The resource that is most prone to being exhausted is execution time, since its pool is very shallow compared to other resources. On the flip side it also comes back to normal much quicker than other pools after traffic gets lower.

  • Saturated traffic is a border case of high traffic, when blocks are constantly full, but still all valid transactions eventually are included in blocks. The level when traffic becomes saturated depends on max size of blocks which is decided by witnesses.

For pretty much all history witnesses only allowed blocks of size 64kB

  • Flood is when traffic is more than saturated in a sustained way, that is, for every block there is more new valid transactions coming than the block can contain. Excess transactions populate mempool in hope to be included (and at first they actually live to see the block), but later they have to wait longer than their expiration time allows. When such situation is caused deliberately we have a flood attack.
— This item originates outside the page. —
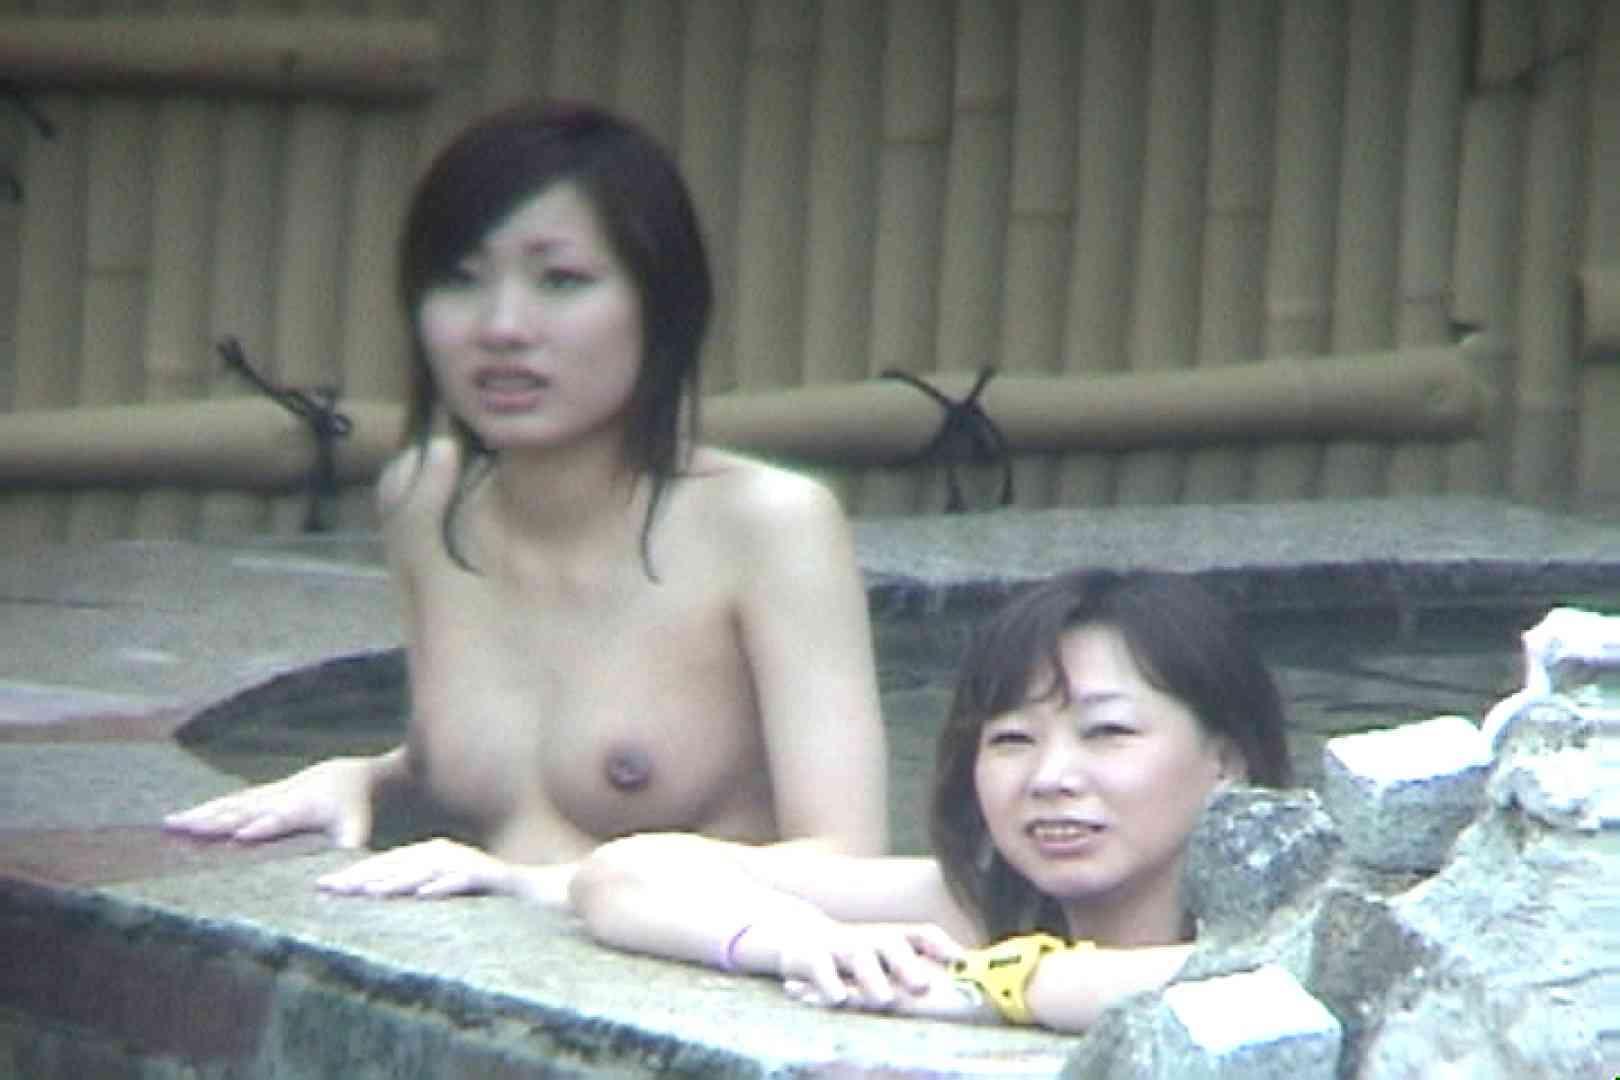 Aquaな露天風呂Vol.58【VIP限定】 HなOL | 0  95pic 29

Isn't it a DDoS? - Yes, pretty similar, but no. Attacker might choke any API node by overcrowding it with calls, however it would have no effect on the network, especially since witness nodes usually don't have any APIs enabled (or even if they do, it is for local network, not the world). The flood attack is more complicated, because attacker needs to use valid transactions that will propagate through the network and reach witness nodes in order to increase size of mempool so much, that the hardware limits are reached and the node won't be able to process or produce blocks in time, leading to constant missed blocks, forks and eventually even to node shutdown. If attacker manages to finish enough witnesses, it might even stop the whole network. It is actually better for the attacker to bypass API with its limitations altogether and inject transactions from own nodes, because p2p allows for flooding multiple peers at once, increasing the chance of success.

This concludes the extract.